◆ **EXERCISE BRIEF**:
Make an exact copy of the listing underneath, skipping each picture.

◆ **COLLECTED MATERIAL**:
*** Block opens ***

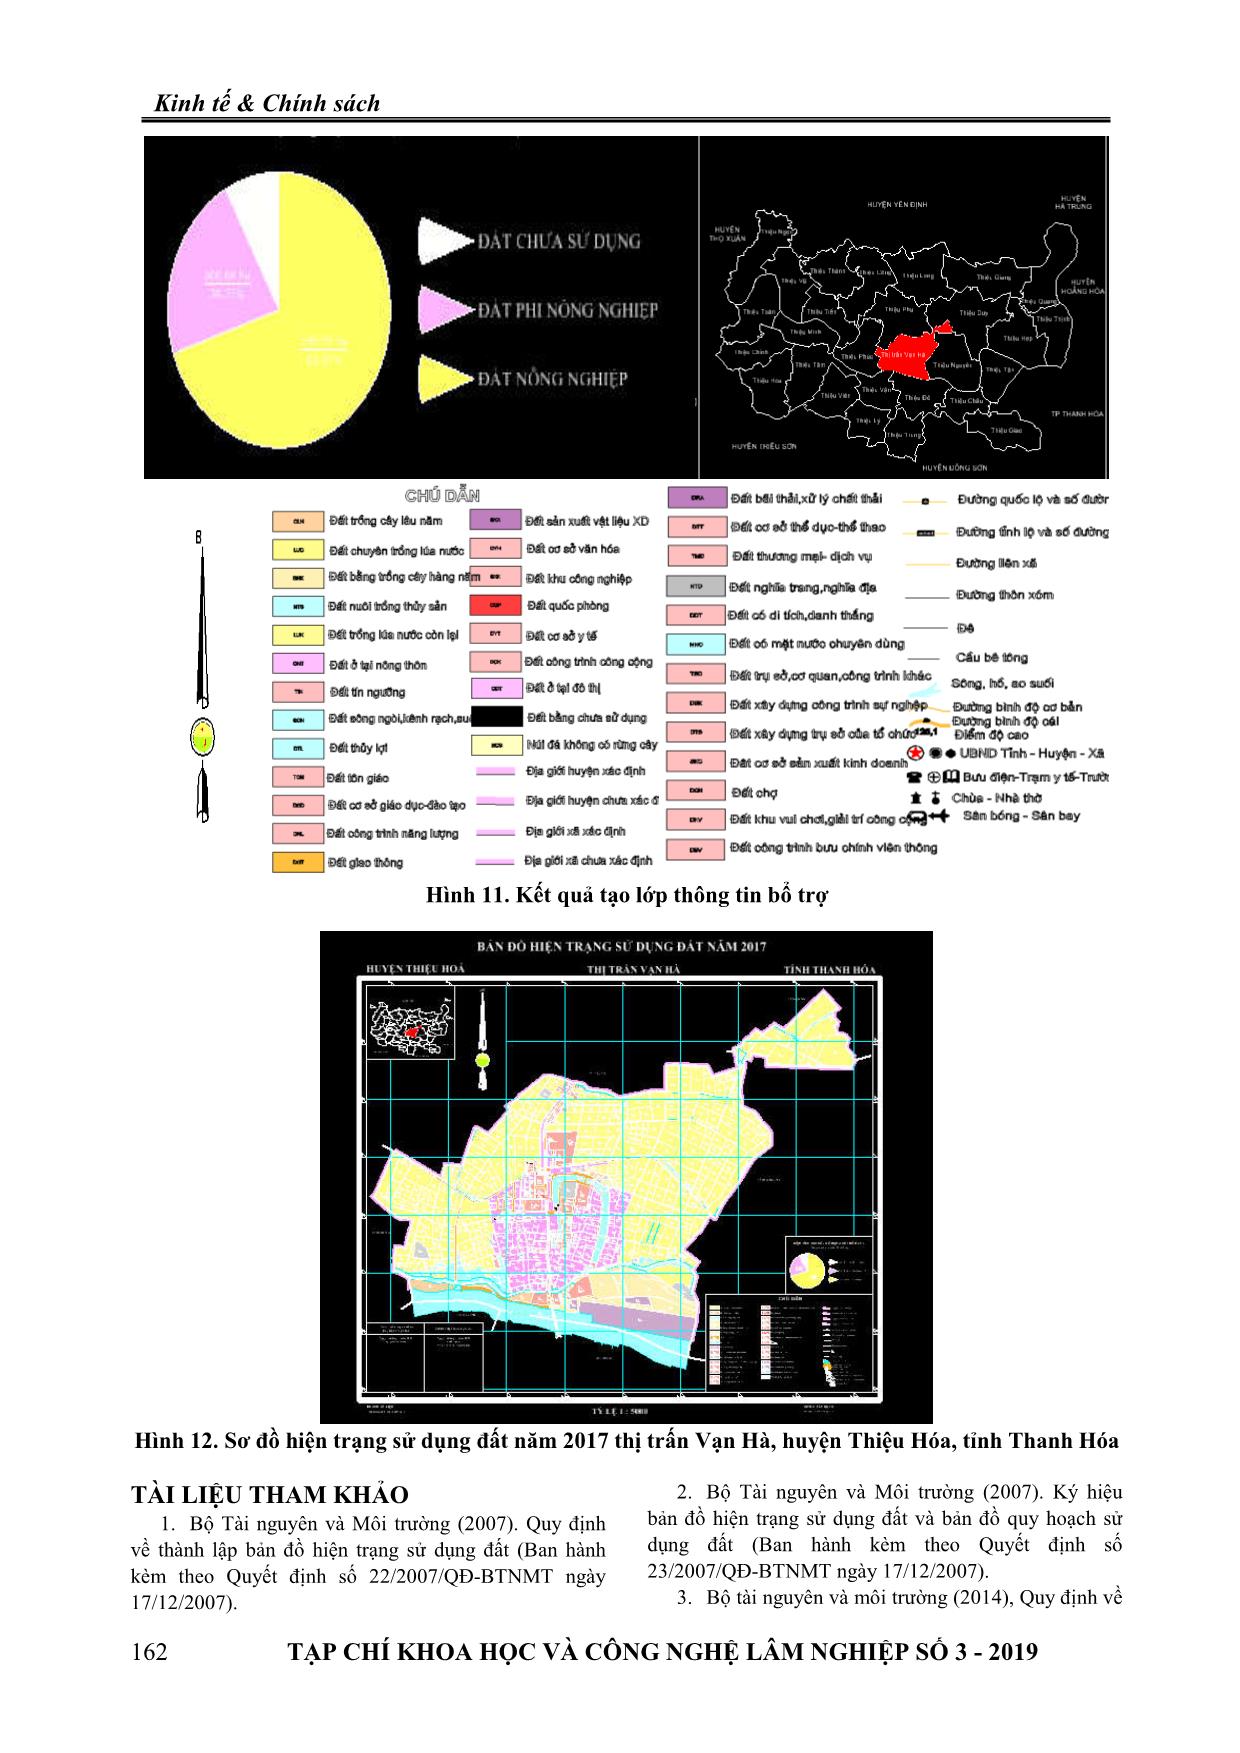 Thống kê đất đai và thành lập bản đồ hiện trạng sử dụng đất tại thị trấn Vạn Hà, huyện Thiệu Hóa, tỉnh Thanh Hóa trang 9
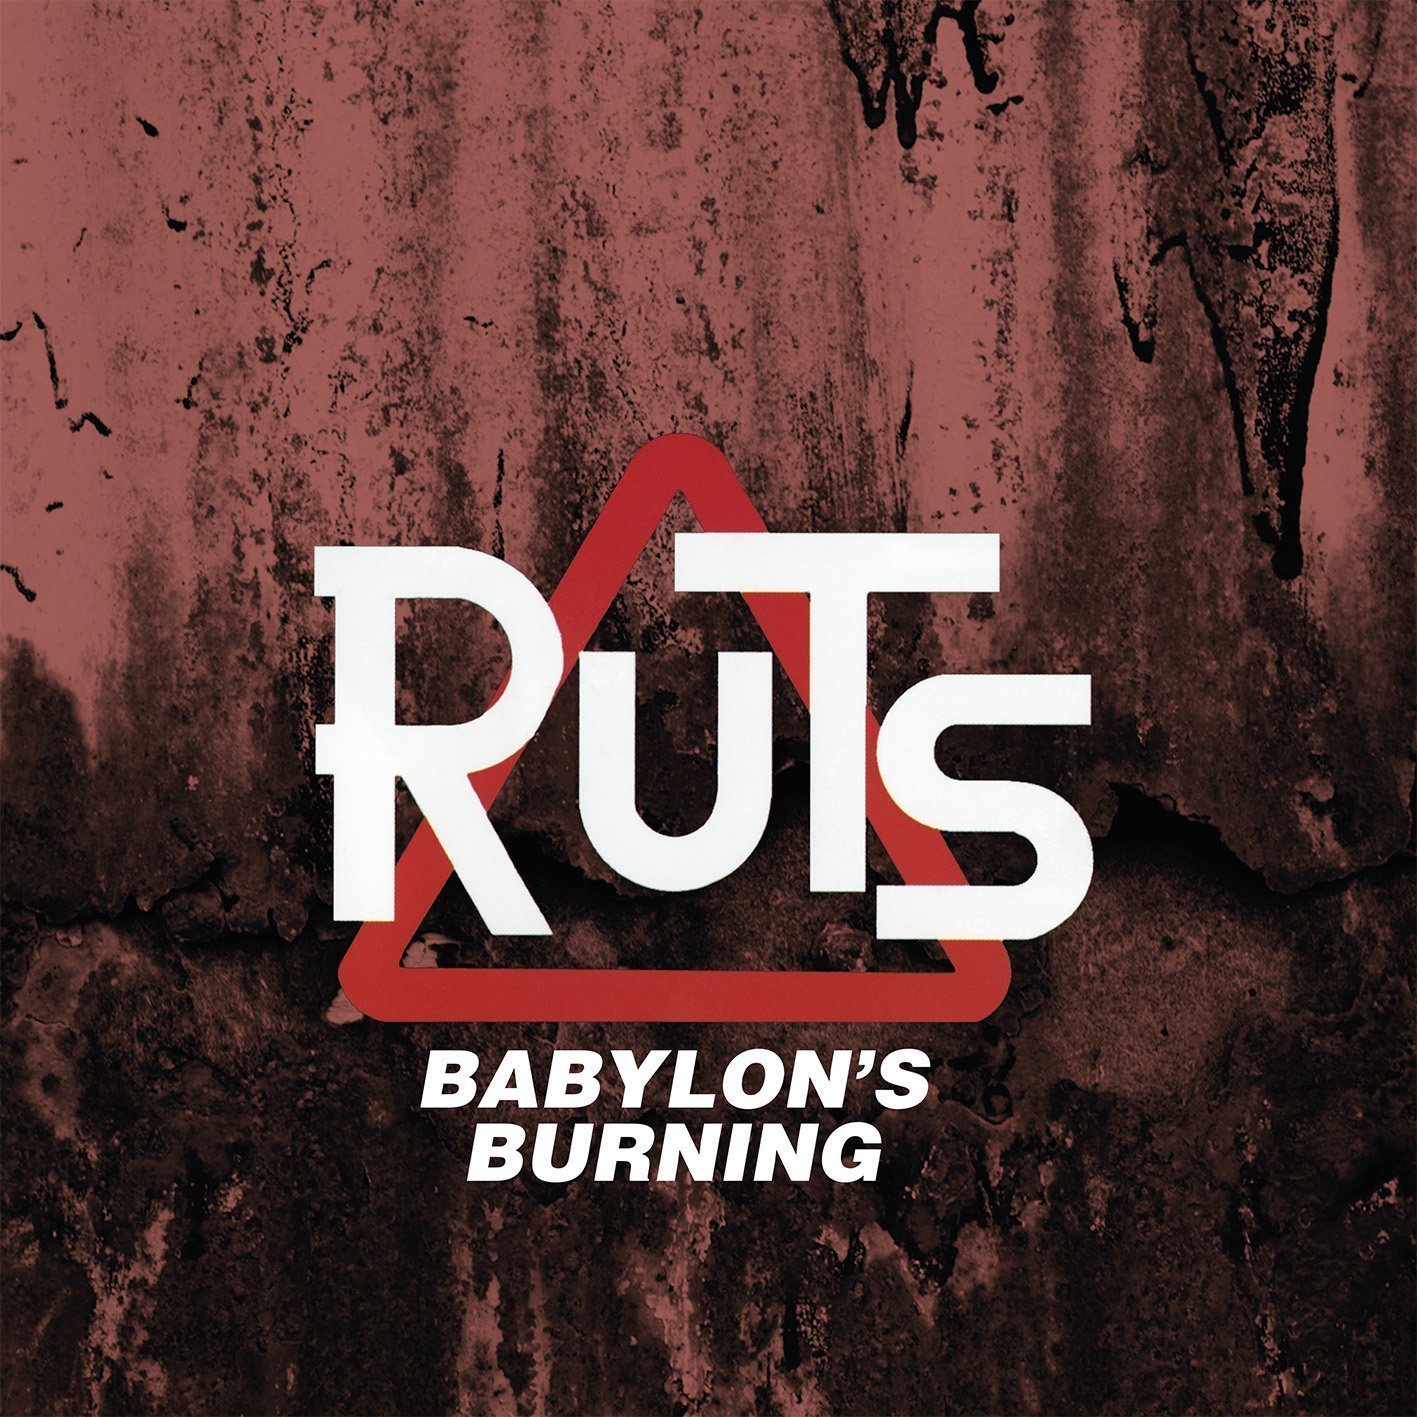 Vinyl Record The Ruts - Babylon's Burning (2 LP)
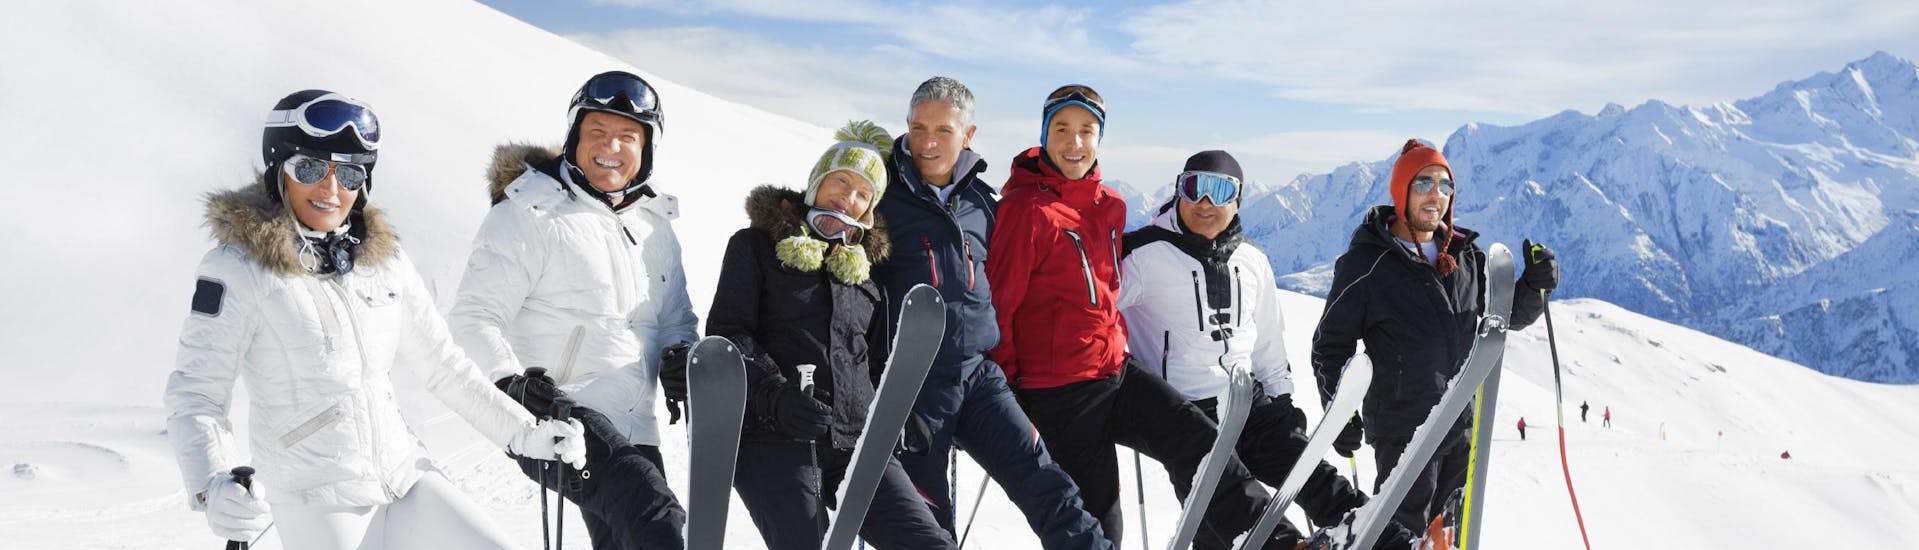 Meerdere skiërs nemen deel aan een skiles voor volwassenen in het skigebied van Val Venosta (Vinschgau).
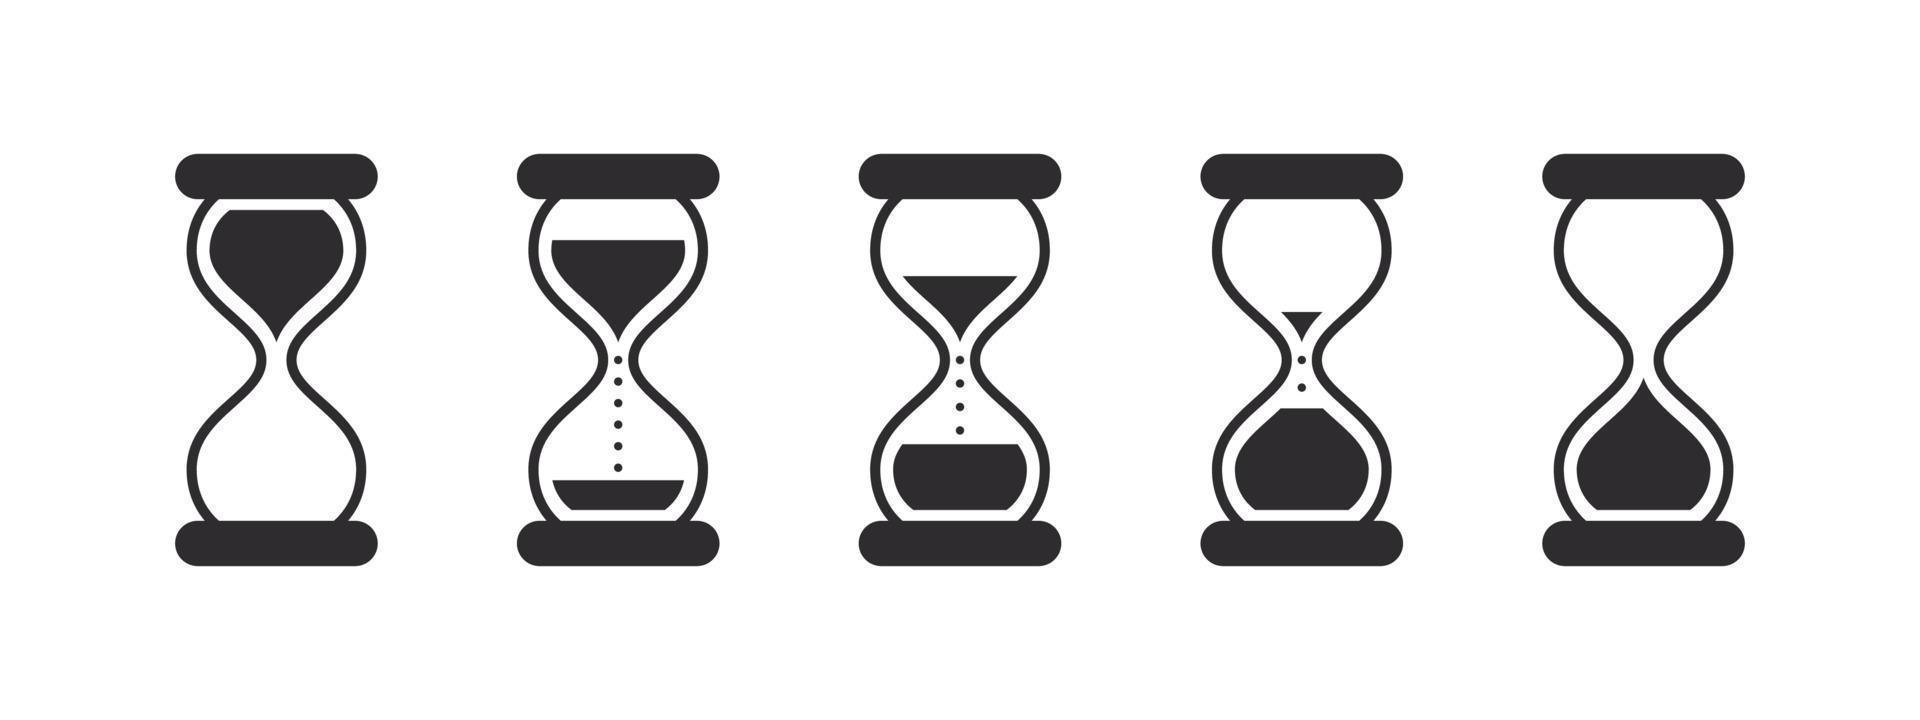 conjunto de iconos de reloj de arena. símbolo de tiempo logotipos de reloj de arena. señal de reloj o temporizador. iconos negros aislados. Imágenes de vectores

*** Block closes ***

◆ **SOLUTION TO THE EXERCISE**:
 Thống kê đất đai và thành lập bản đồ hiện trạng sử dụng đất tại thị trấn Vạn Hà, huyện Thiệu Hóa, tỉnh Thanh Hóa trang 9
 Vinyl Record The Ruts - Babylon's Burning (2 LP)
 Meerdere skiërs nemen deel aan een skiles voor volwassenen in het skigebied van Val Venosta (Vinschgau).
 conjunto de iconos de reloj de arena. símbolo de tiempo logotipos de reloj de arena. señal de reloj o temporizador. iconos negros aislados. Imágenes de vectores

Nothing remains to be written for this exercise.